You collect a stool sample at home and post it to a specialist laboratory. Once results are in, we dedicate 30 to 60 minutes of research to your case — including a direct consultation with the laboratory about your individual results — so that when you come in for your follow-up, a thoroughly researched, personalised treatment plan is already prepared and ready to discuss.

What it isDNA-based comprehensive stool analysis
LaboratoryDiagnostic Solutions — USA-based specialist lab
Sample typeYou collect at home — express reply-paid kit provided
TurnaroundApproximately 4 weeks from sample dispatch
ProcessWe dedicate 30–60 minutes of research to your case, including a direct consultation with the lab
Optional add-onStoolOMX panel (bile acids and short chain fatty acids) — we’ll recommend it if relevant to your case
Who orders itWe order it for you at MNHC — no GP referral needed
BookingCall (03) 9572 3211 to arrange

What Is the GI-MAP?

The GI-MAP (Gastrointestinal Microbial Assay Plus) is a comprehensive stool test developed by Diagnostic Solutions Laboratory. It uses DNA technology to identify exactly what is living in your gut — bacteria, parasites, fungi, and viruses — with a level of accuracy that standard stool tests simply cannot match.

The difference comes down to how each test works.
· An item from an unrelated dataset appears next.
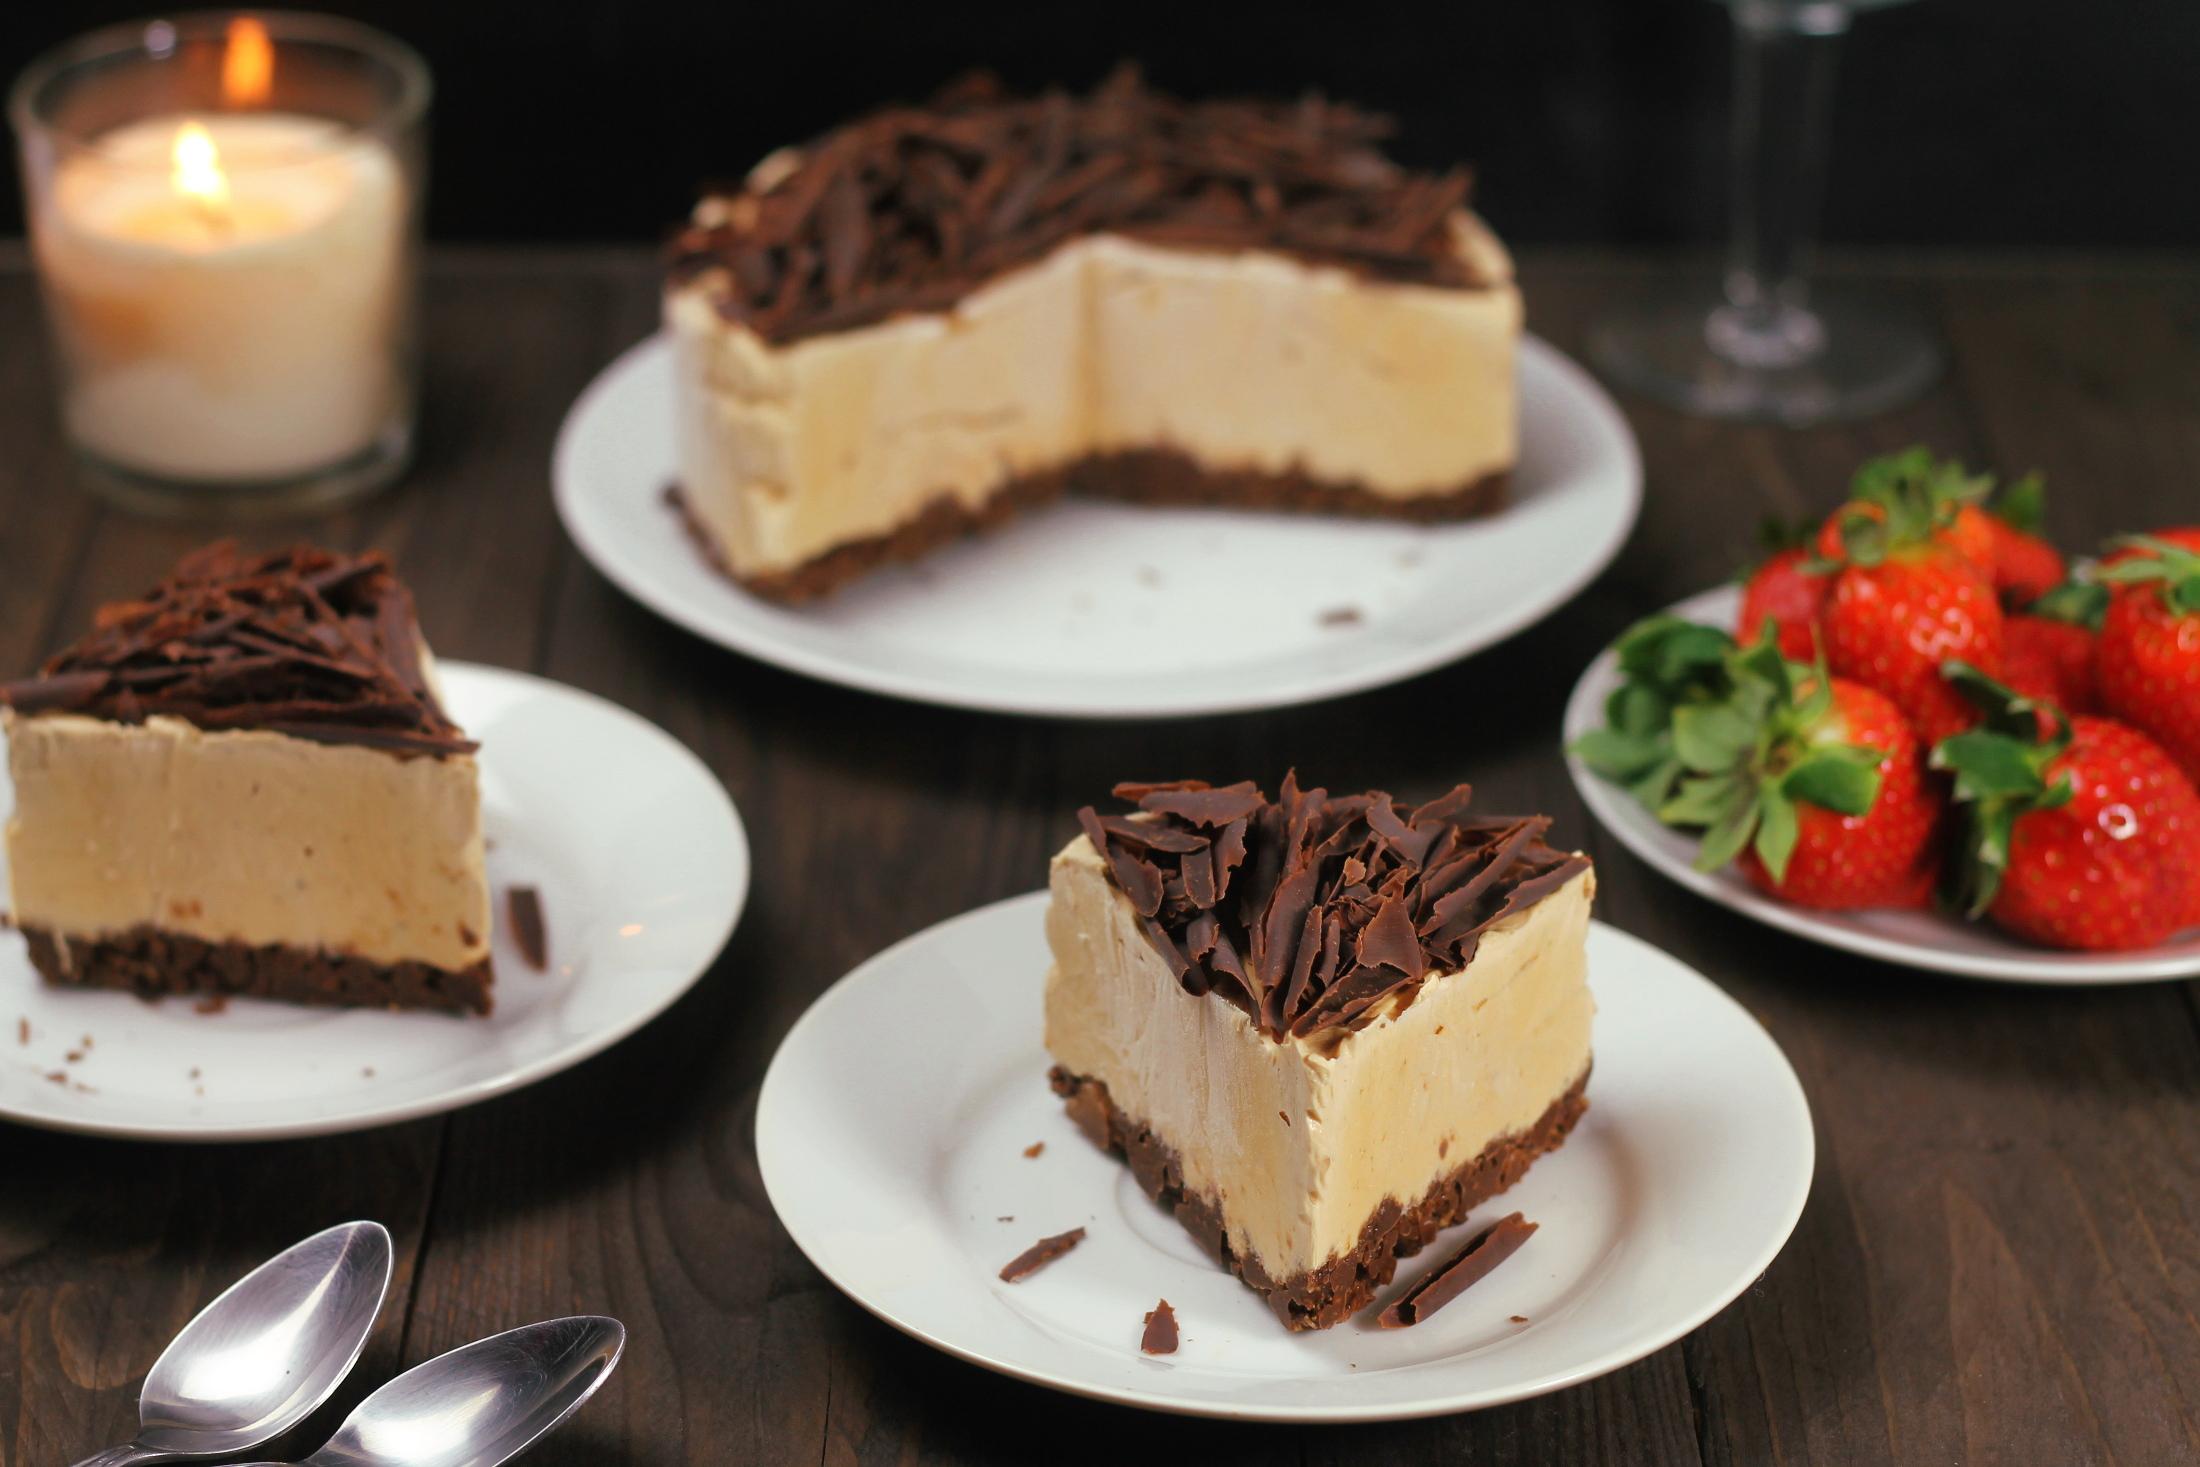 mrazeny-bananovy-cheesecake-dulce-de-leche-6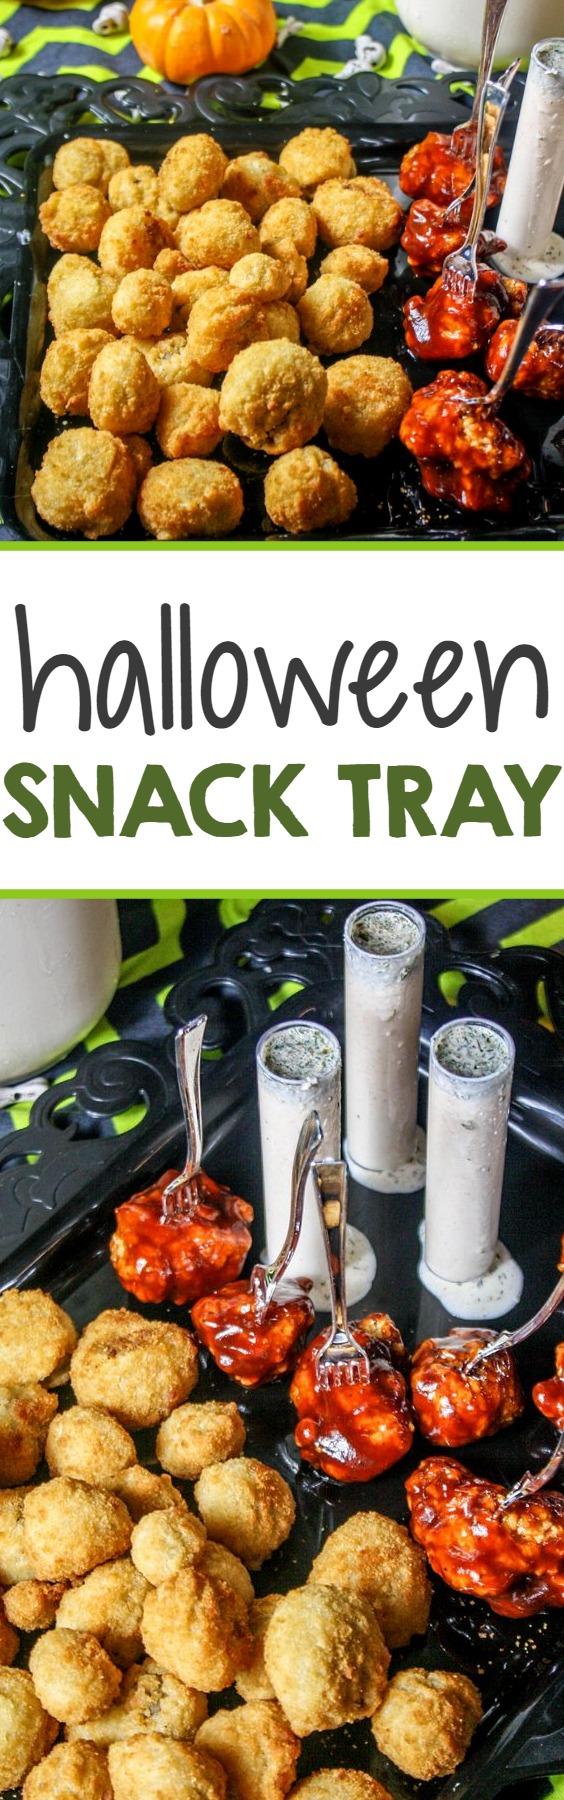 Easy Halloween Snack Tray

Standard stool tests ordered through a GP try to grow organisms from your sample in a laboratory culture — and many gut pathogens simply won’t grow that way. The GI-MAP detects the actual DNA of organisms directly from the sample, so it finds what is there whether or not it would survive the culture process. The result is a far more complete and reliable picture of what is actually going on in your gut.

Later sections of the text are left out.